Return the listing below unchanged, except that the pictures are dropped.

=== DATA SHOWN ===
● ● ● ●
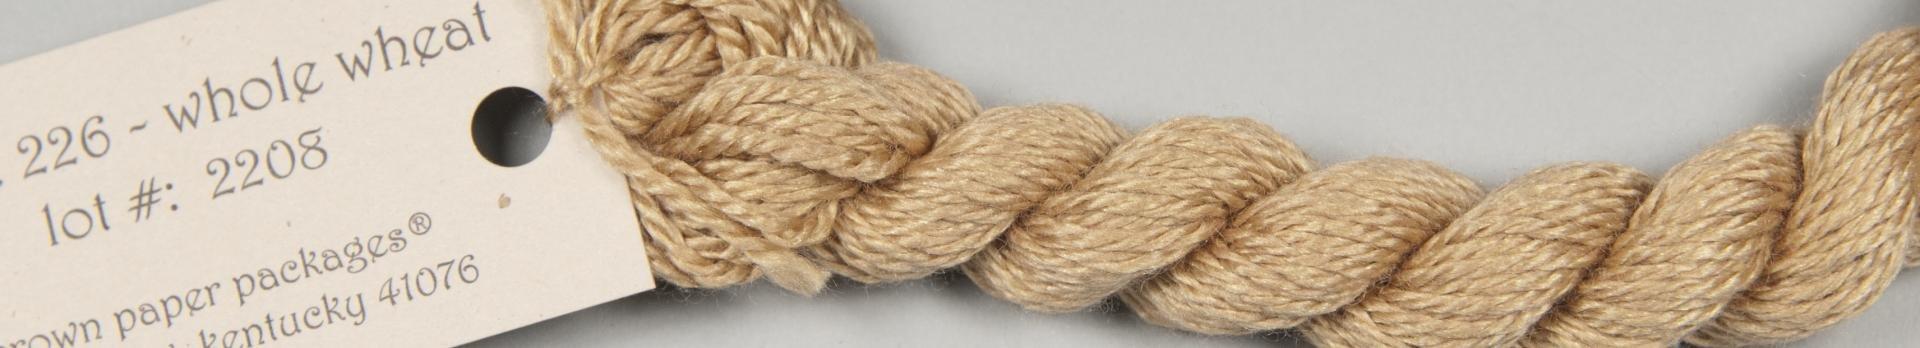 Silk & Ivory 226 Whole Wheat
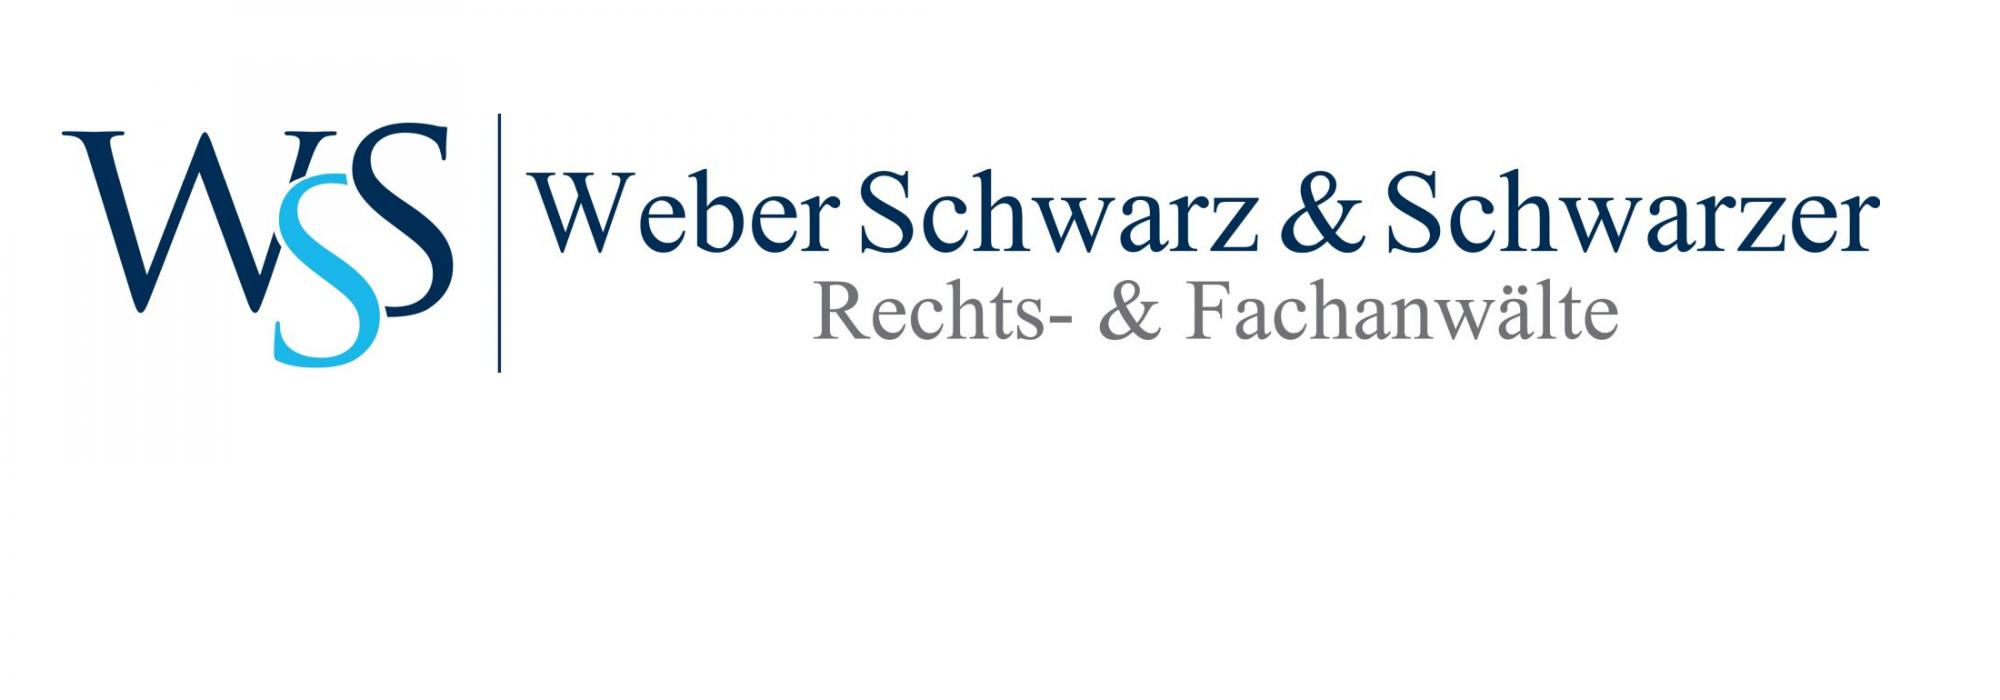 Bild zu Weber Schwarz & Schwarzer - Rechts- & Fachanwälte in Buchloe
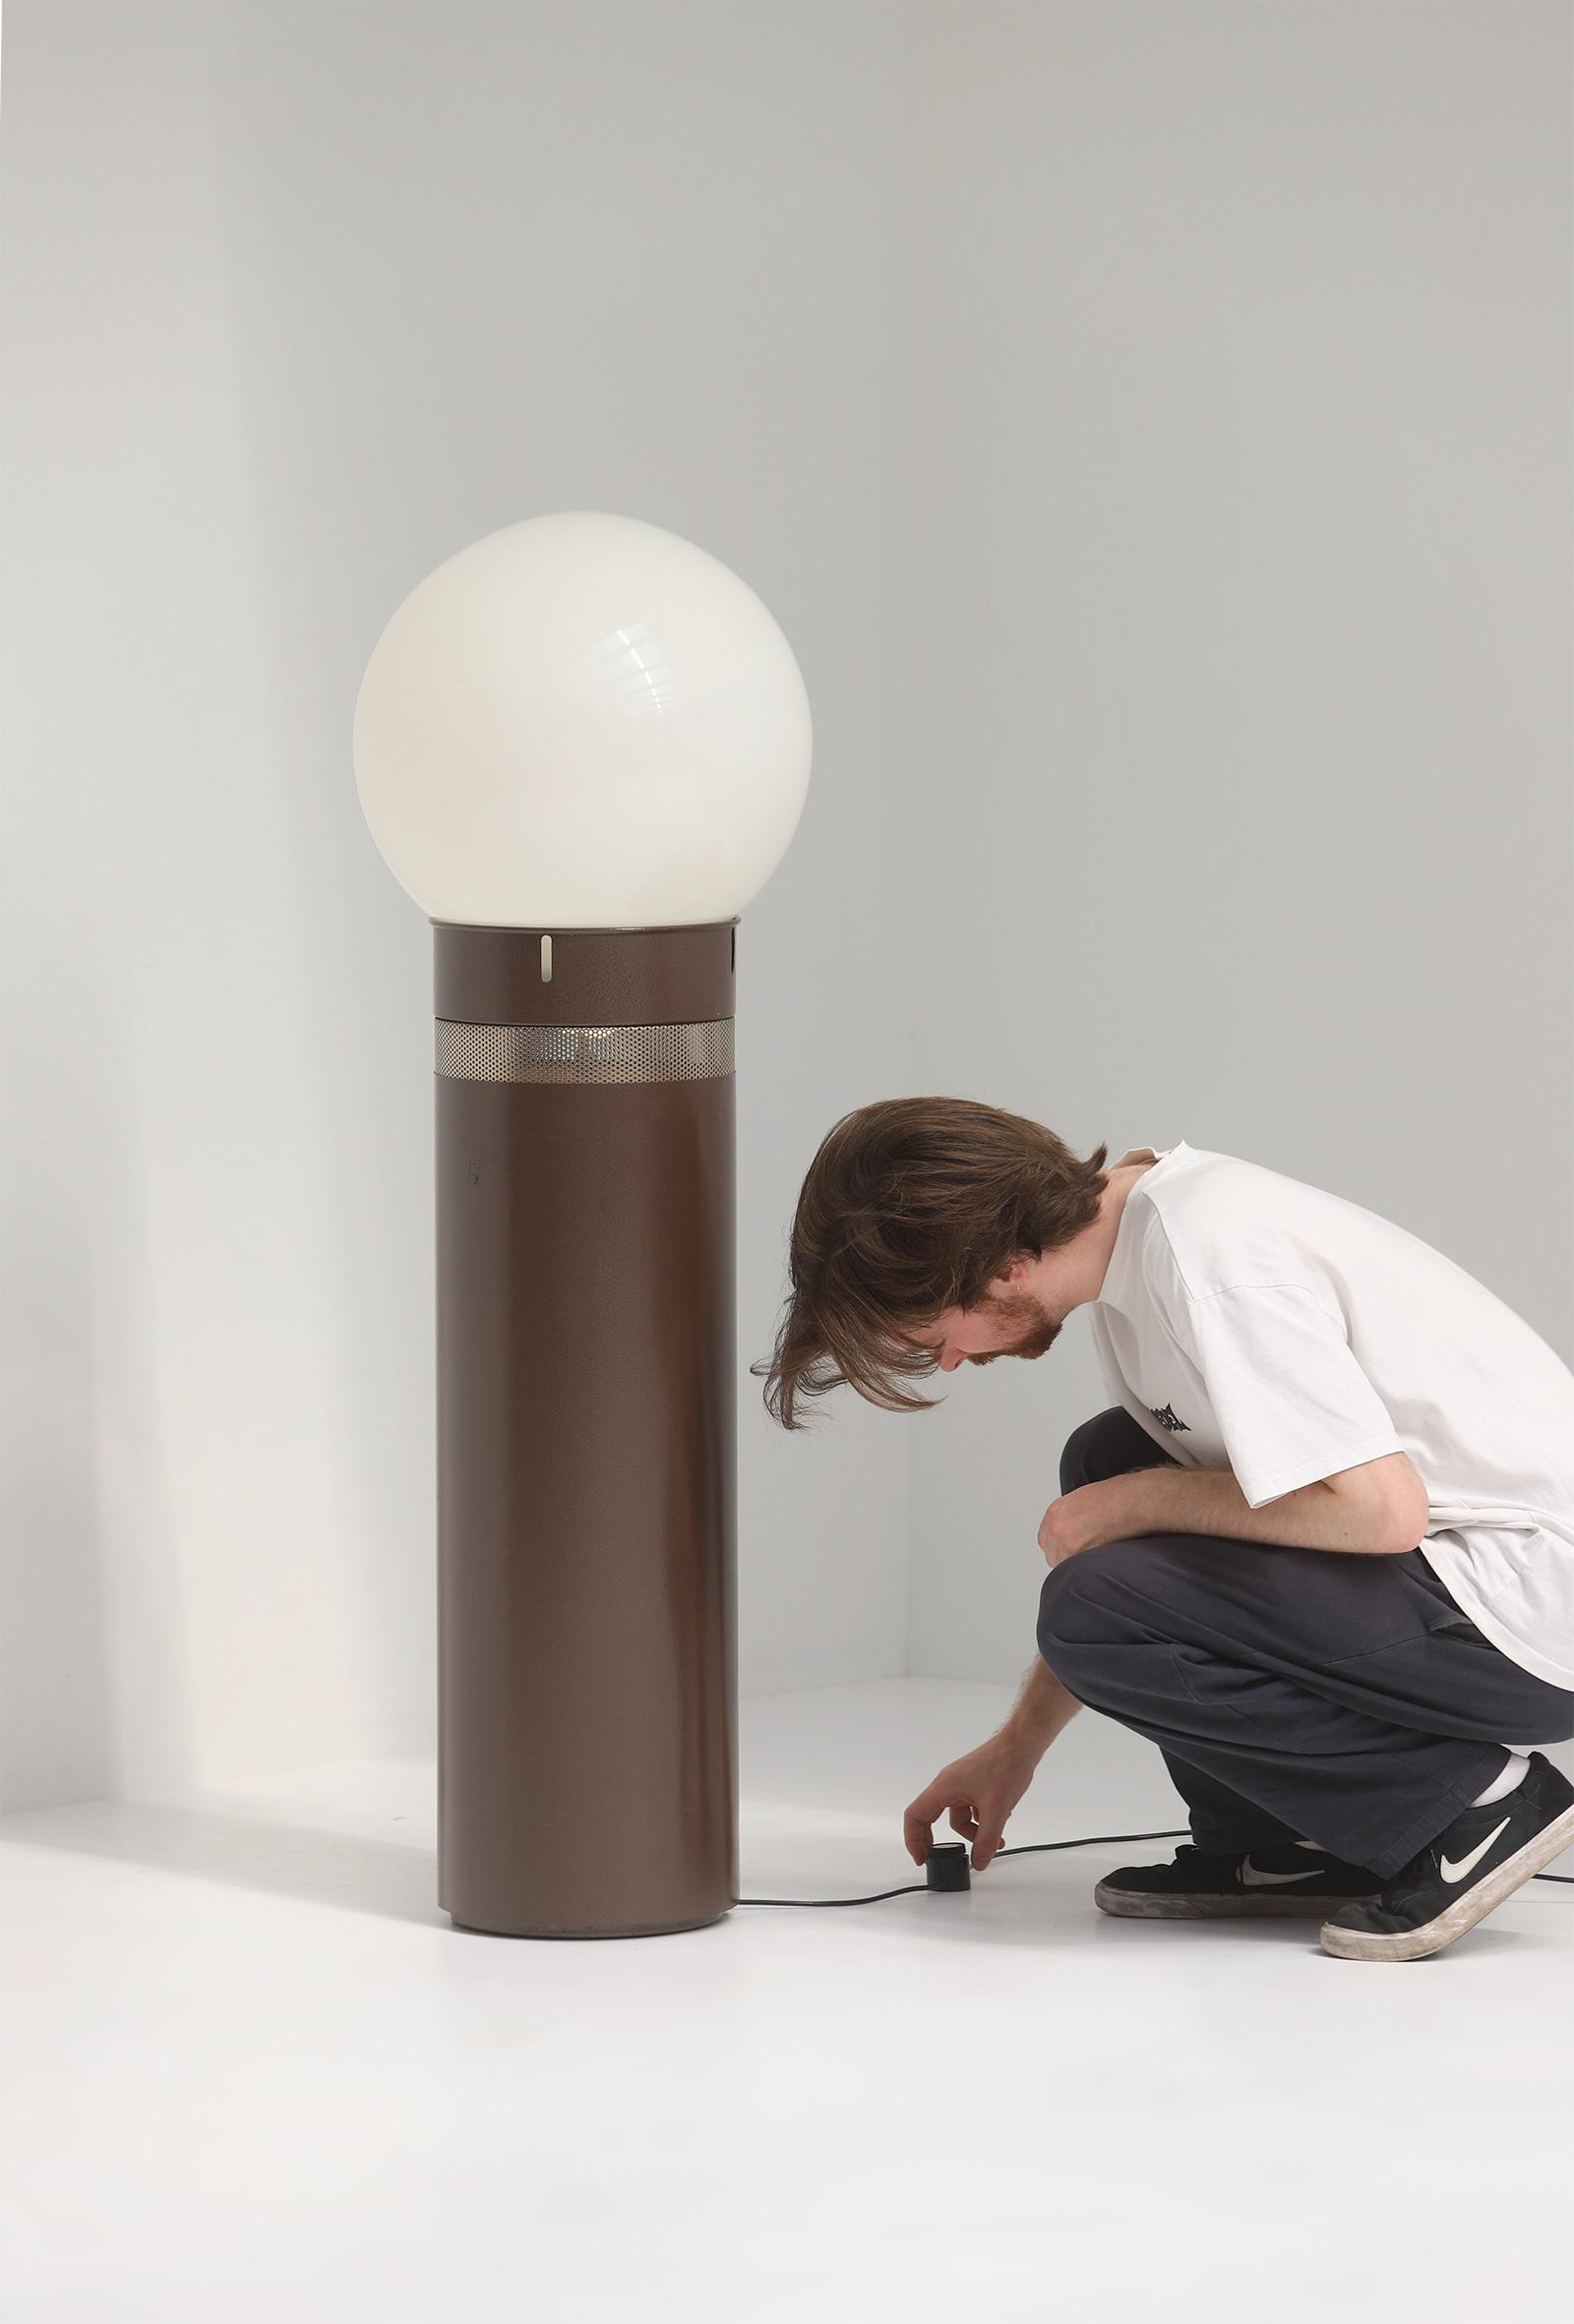 Gae Aulenti Oracle floor lamp for Artemideimage 4
● ● ● ●
=== ANSWER TO THE EXERCISE ===
 Silk & Ivory 226 Whole Wheat
 Bild zu Weber Schwarz & Schwarzer - Rechts- & Fachanwälte in Buchloe
 Gae Aulenti Oracle floor lamp for Artemideimage 4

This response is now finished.